I had the opportunity last summer to adventure for 54 days; that same desire in each of us rose up in me and said, "go." What I did not understand is this very adventure in which I would fall in love with life would also break my heart.

Myself and 7 other strangers showed up; those strangers later became the closest friends I will ever know. 54 days is a long time to run away from real life — almost long enough to believe it is real life.

At the moment, that's all we were. Strangers. We found ourselves looking around at each other and wondering what it was we had gotten ourselves into. The answer to that question was revealed to each of us through time, and as we all found our unique answers we also began to forget we were strangers. We slept under stars together, we contemplated life's greatest questions (and never found the answers), we left behind little pieces of who we were and picked up new ones to establish who we are, and in those moments, we forgot we were strangers.

Together we climbed rocks and mountains and rafted rivers full of rapids. We watched breathtaking sunsets and suffered through some sunrises too. I watched myself and my companions fall in love with the world.

Sometimes I think the world fell in love with us, too.

There were other times when I looked around at the world, incredibly angry and confused, and still wondered what I had done to deserve such a special group of supportive and badass women to spend my time with.

I guess the concept was supposed to be simple.

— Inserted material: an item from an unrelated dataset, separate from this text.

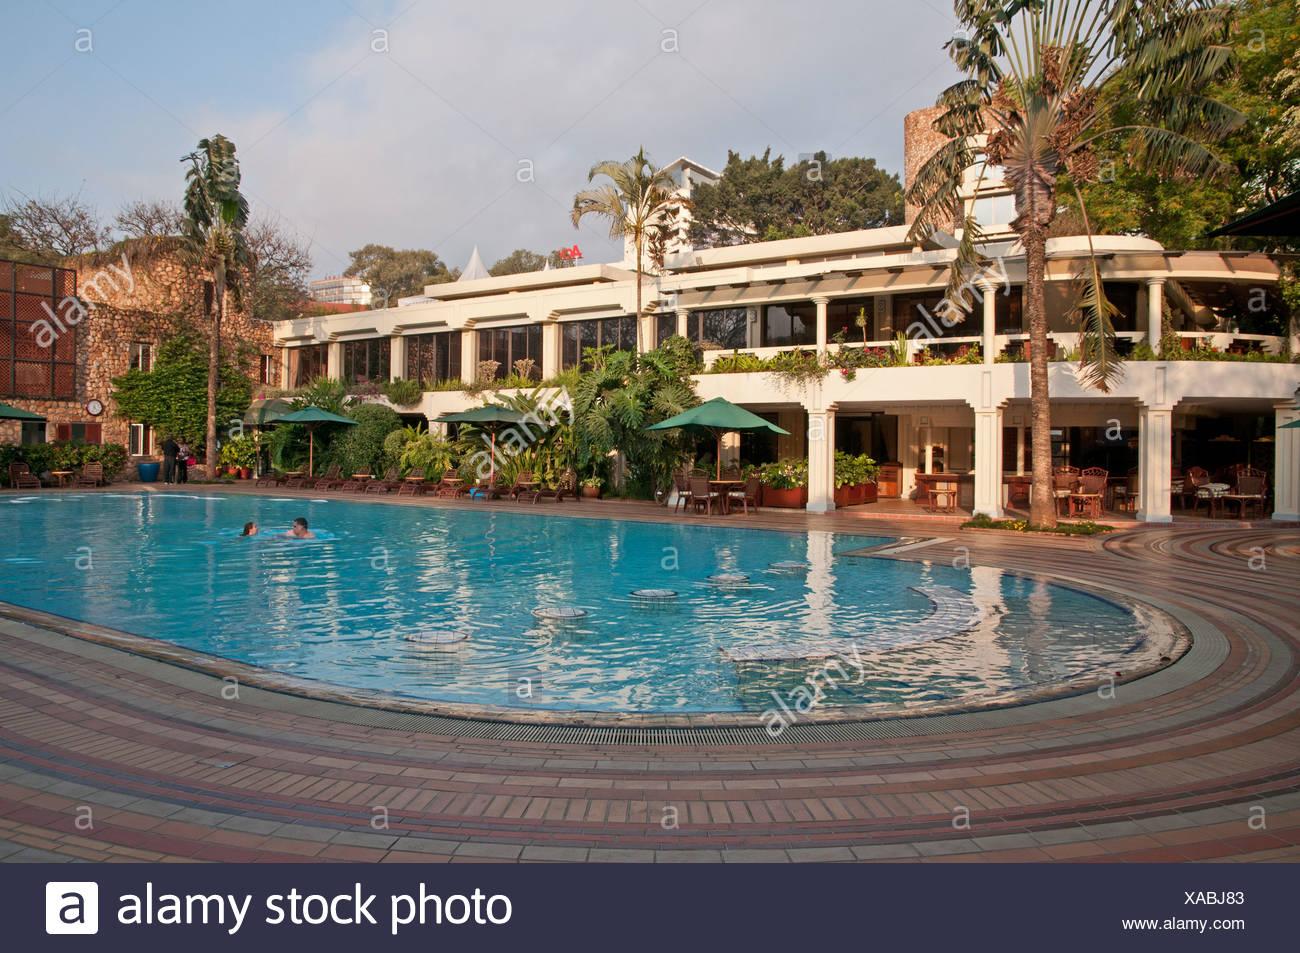 Nairobi Serena Hotel swimming pool with two swimmers Kenya - Stock Image

We were just supposed to go on an adventure and then go home with some new memories and photographs. However, something very different happened. 54 days is too long to "just go home" when time runs out. Nearly two months had gone by without sleeping in a bed, without seeing my family, without a roof over my head, without warm showers. I'm sure you can imagine how foreign my bedroom felt when I walked in. I realized the light wasn't going to turn off on its own as the once sun did for me. I realized I didn't have to wake up with or before the sun. I realized cooking and using the bathroom had just become much easier. However, I realized all of the modern life conveniences had become heartbreaking reminders I was now living in an entirely different world.

The 7 strangers and I took a risk when we first showed up on day 1. Although I don't think any of us fully realized that at the time. None of us realized how painful waking up at 2 AM to finish hiking through the Olympic Peninsula would be. We also didn't realize how painful it would be a few months later, staying up until 2 AM contemplating our newfound purposes and friendships. Those moments were the times I realized how incredibly painful adventure can be. Wanderlust is romanticized in Instagram posts, but the reality is, it's incredibly inconvenient.

I said this adventure broke my heart. This isn't saying the views, the people, the memories, the pictures, the laughs, and the crying wasn't beautiful. I'm saying there is an entire reality behind each of those things. The reality of getting "home" to an unfamiliar room, and the realization that "real life" doesn't feel real anymore, that is, among other things, one of the most painful feelings we can experience as human beings.